··· INFORMATION SUPPLIED ···

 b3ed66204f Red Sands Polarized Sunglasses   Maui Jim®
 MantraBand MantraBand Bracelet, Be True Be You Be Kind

···
··· INFORMATION SUPPLIED ···

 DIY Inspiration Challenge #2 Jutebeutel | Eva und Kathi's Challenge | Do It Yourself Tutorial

···
··· INFORMATION SUPPLIED ···

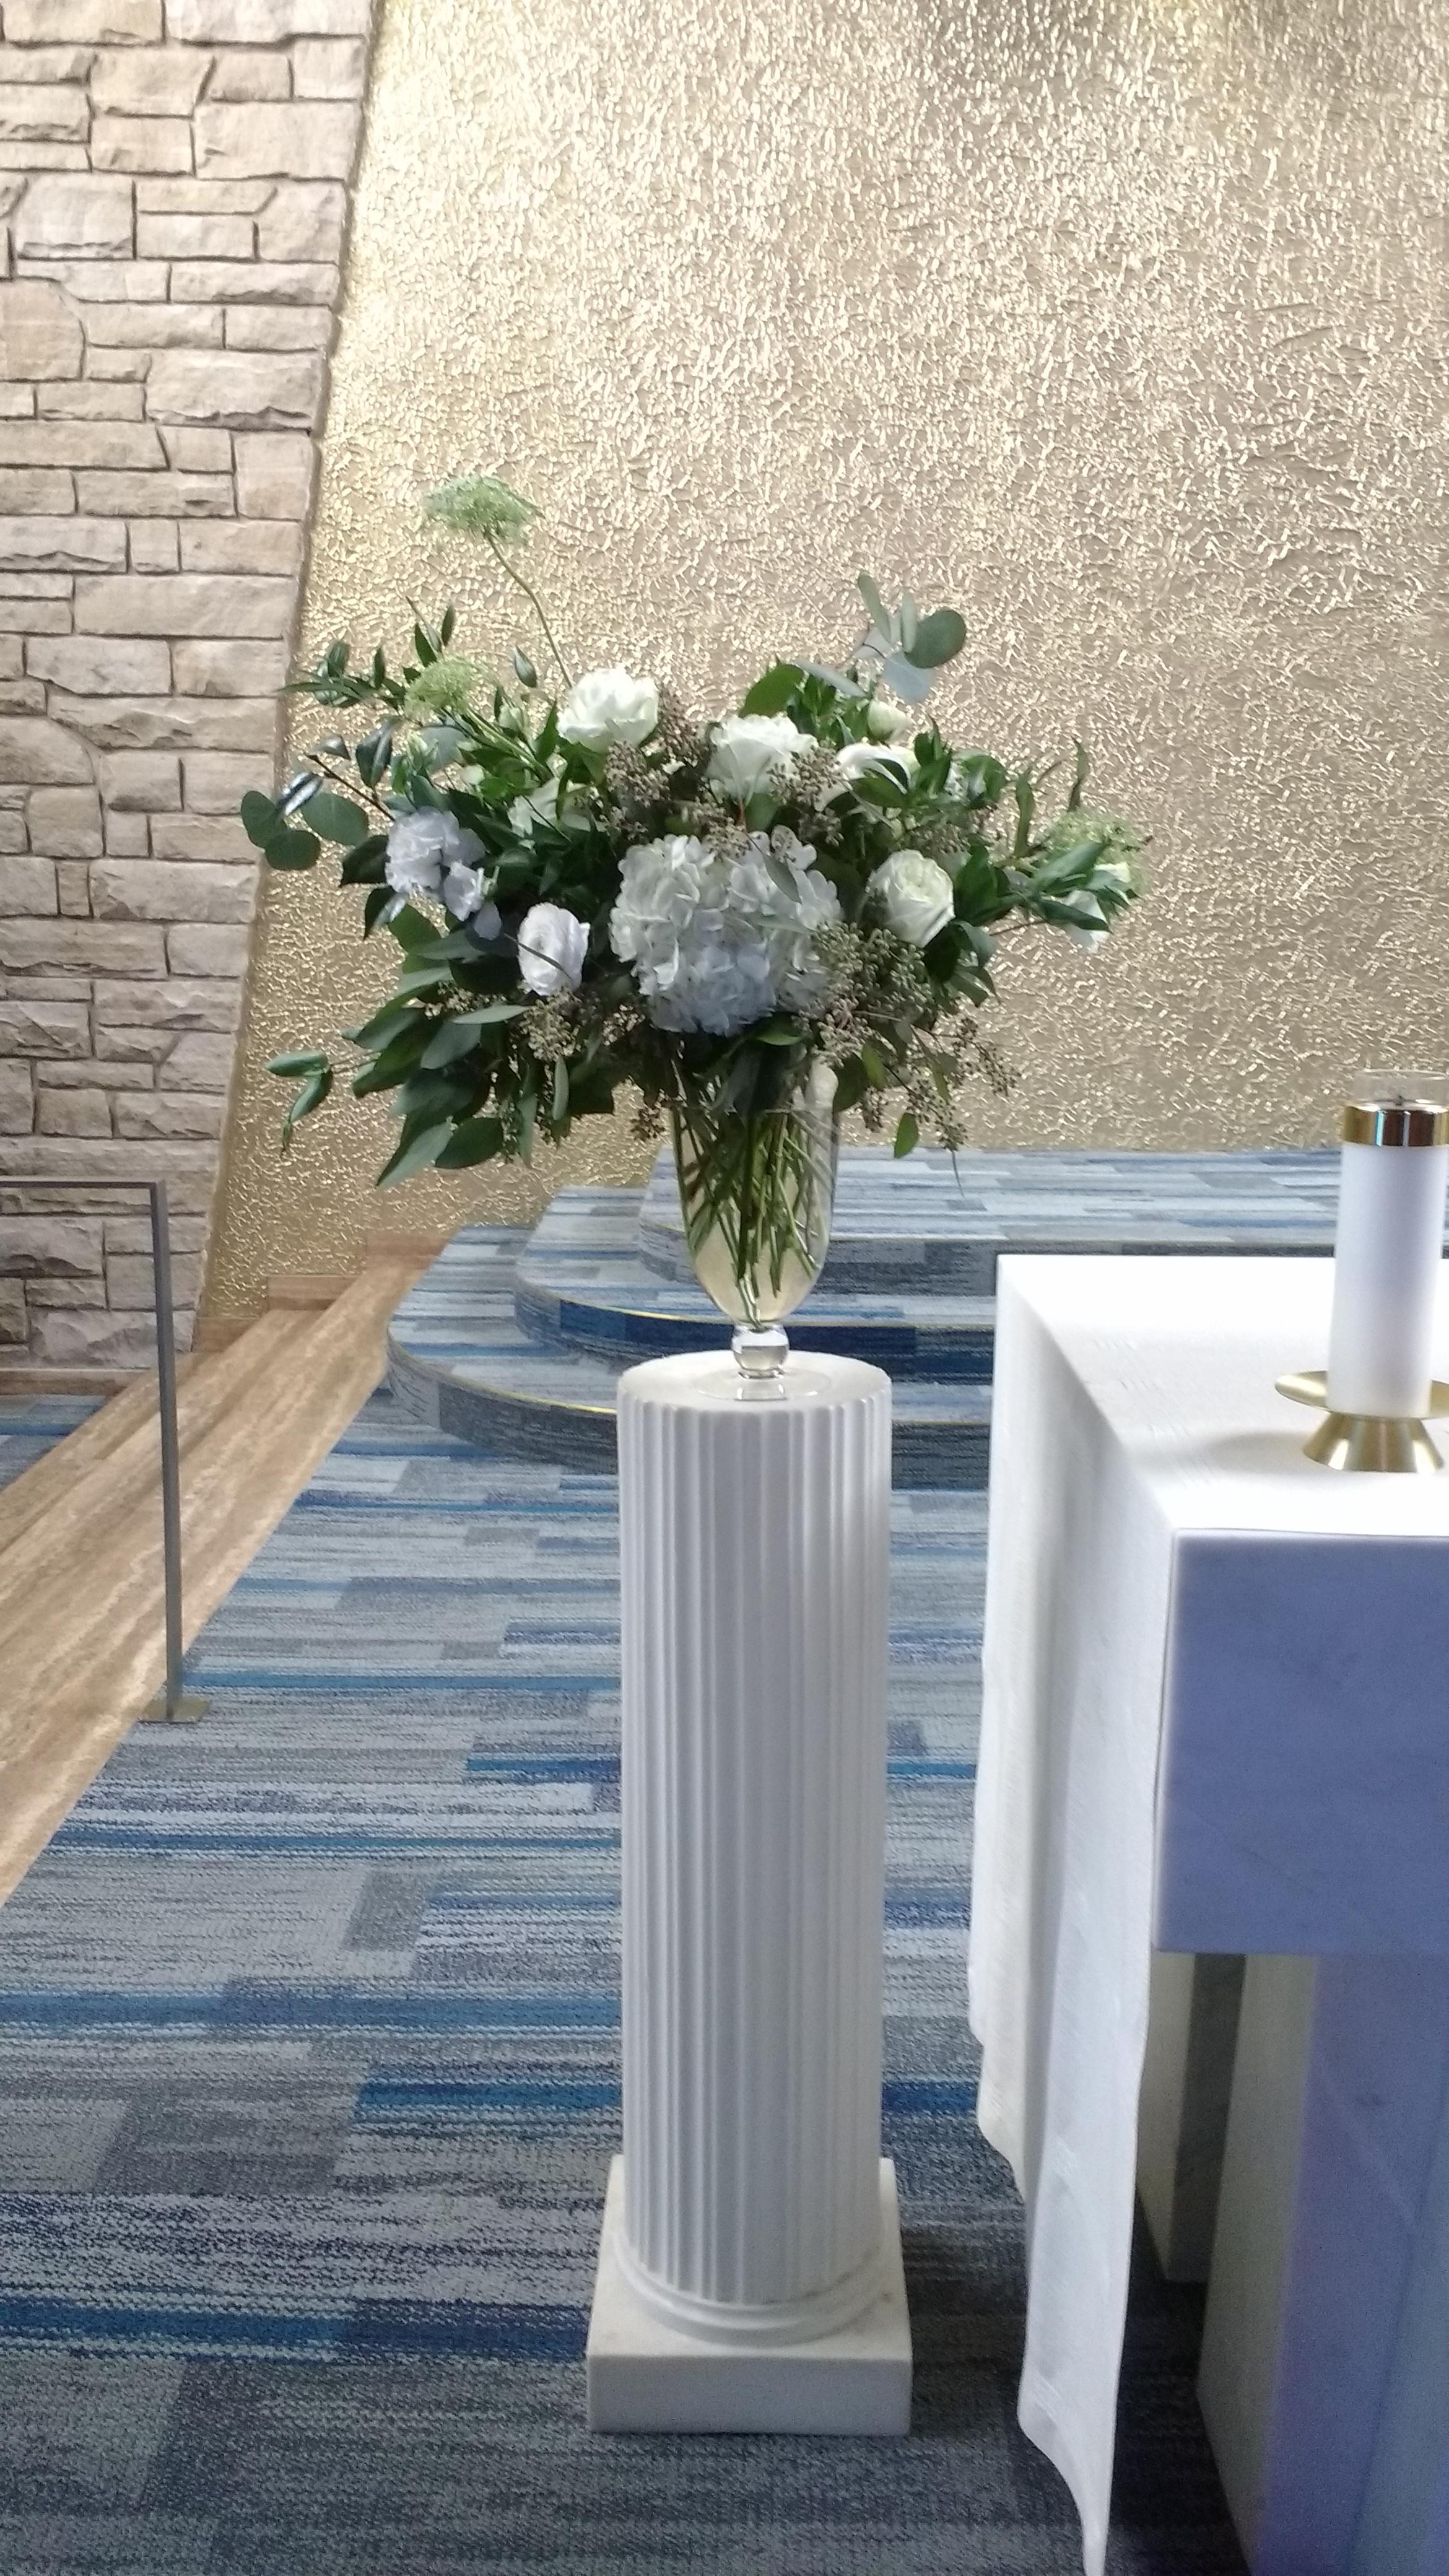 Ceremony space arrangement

···

• _WORK TO BE COMPLETED_: Above this task is a listing. Restate, word for word and with nothing added, the lines from the one with "b3ed66204f Red Sands" through the one with "MantraBand MantraBand Bracelet, Be".

• _EXERCISE SOLUTION_:
 b3ed66204f Red Sands Polarized Sunglasses   Maui Jim®
 MantraBand MantraBand Bracelet, Be True Be You Be Kind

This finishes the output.